→ Instructions to follow
Your reply must contain the full listing below, reproduced exactly, but no pictures.

→ Stored data

........

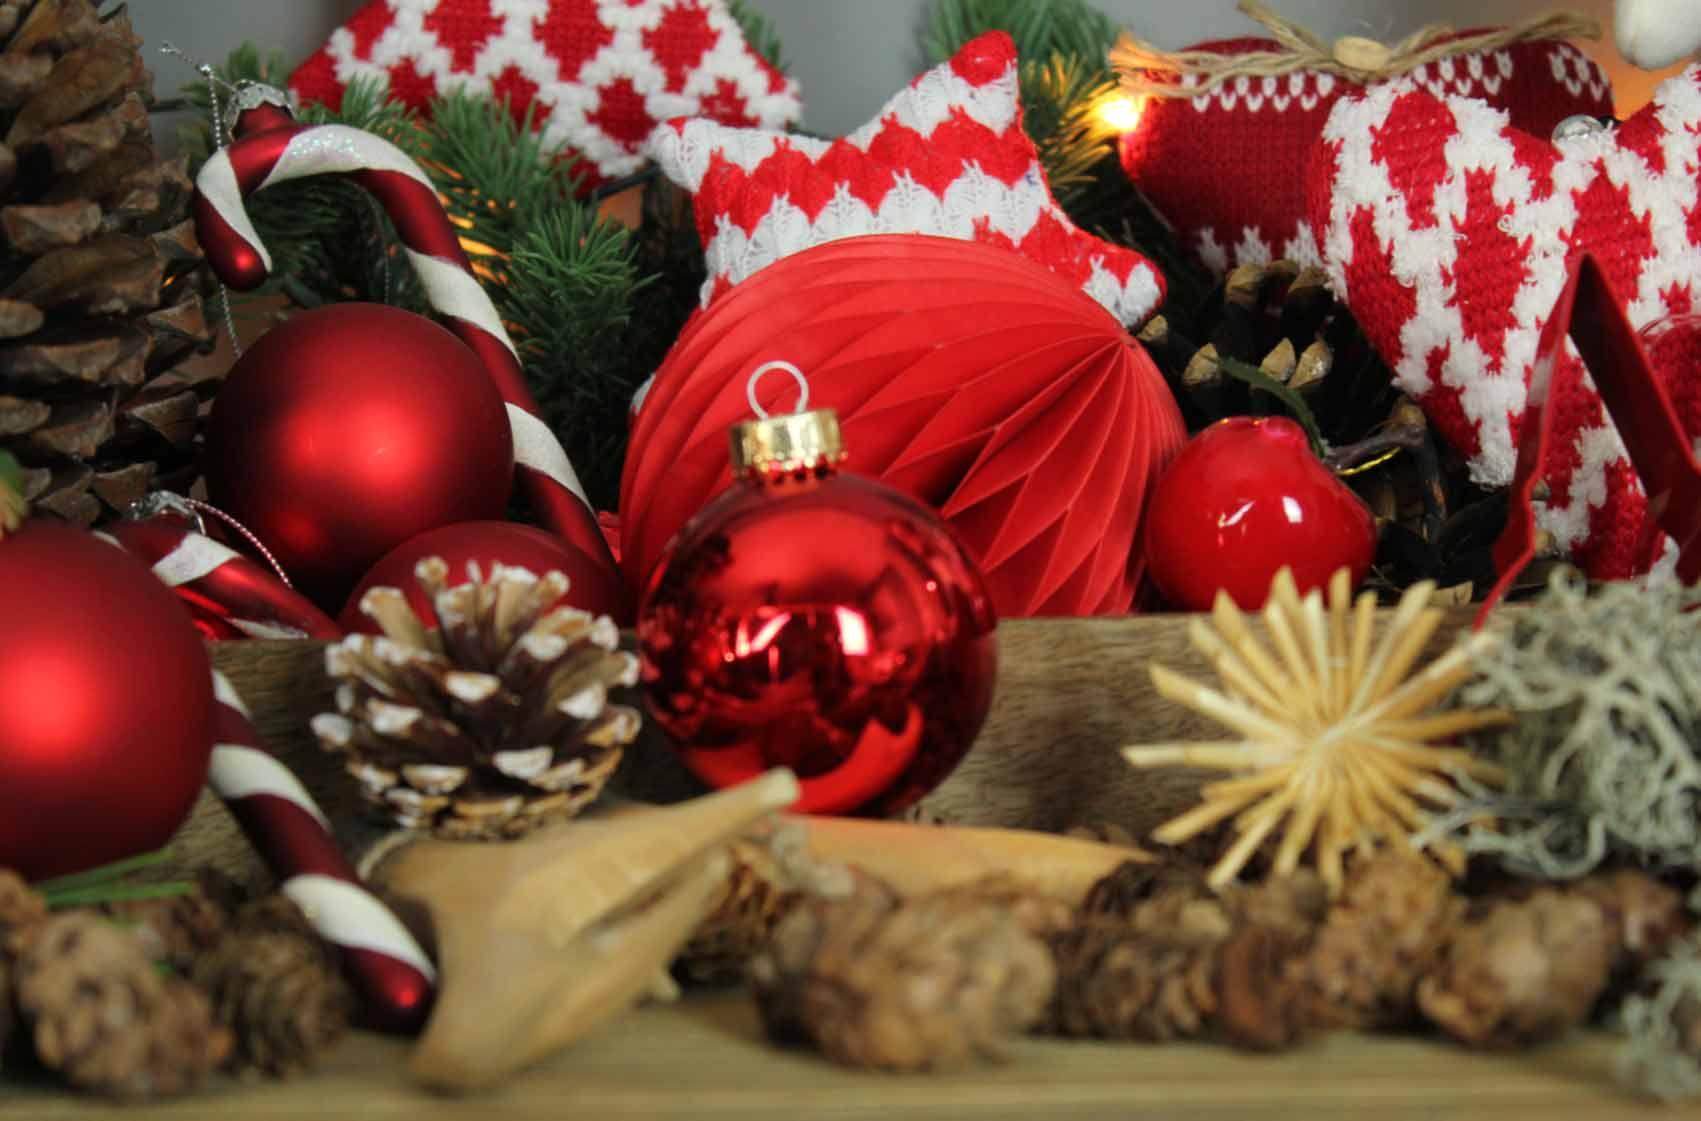 dekoration weihnachten mokowo lifetyleblog rot mokowo. Black Bedroom Furniture Sets. Home Design Ideas
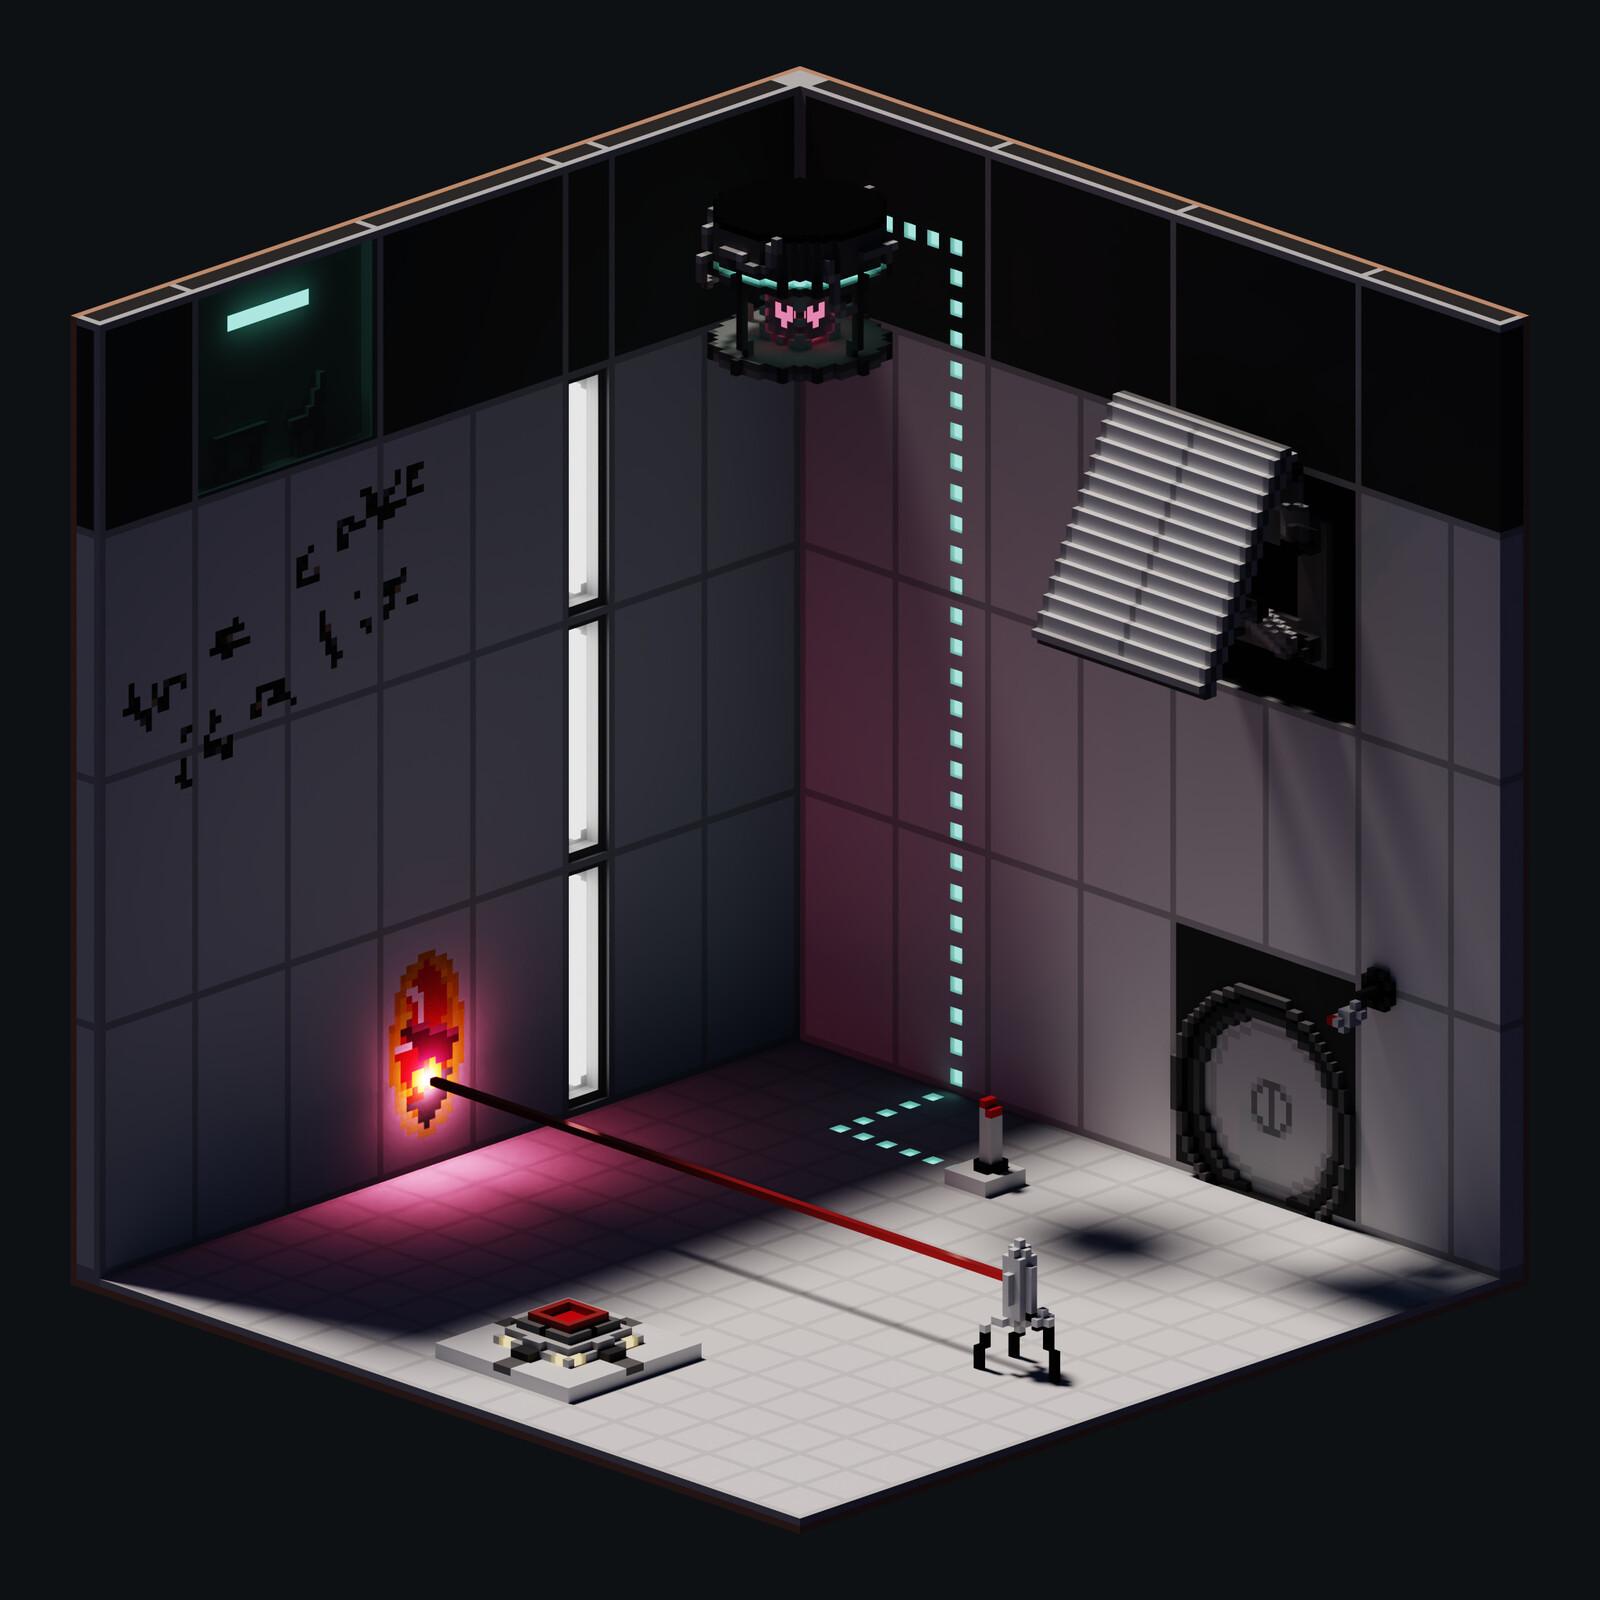 One Room: Portal 2
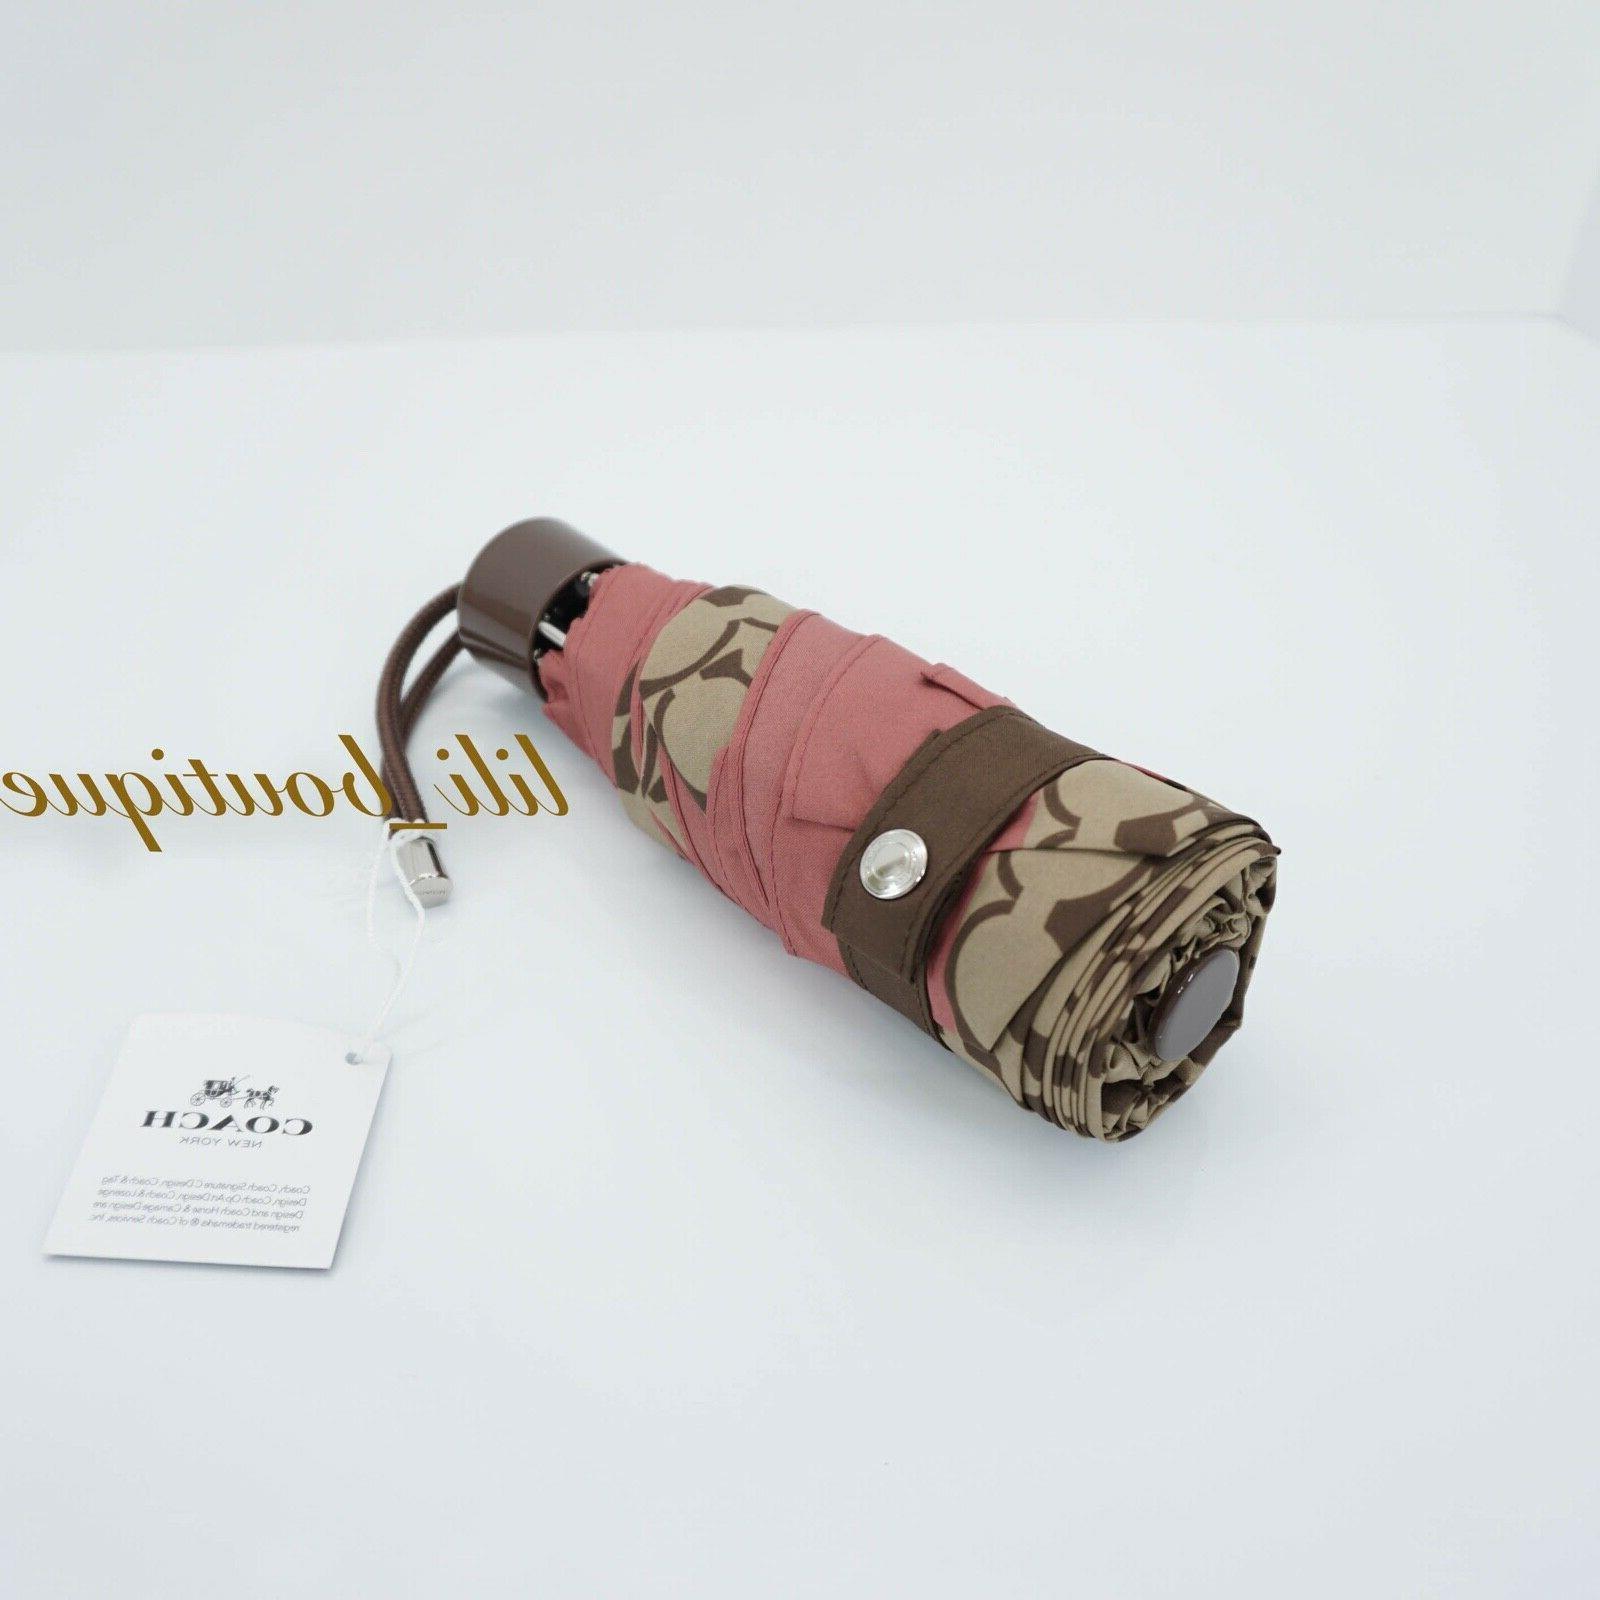 nwt new f63365 women signature mini umbrella

........

→ Task output
 dekoration weihnachten mokowo lifetyleblog rot mokowo. Black Bedroom Furniture Sets. Home Design Ideas
 One Room: Portal 2
 nwt new f63365 women signature mini umbrella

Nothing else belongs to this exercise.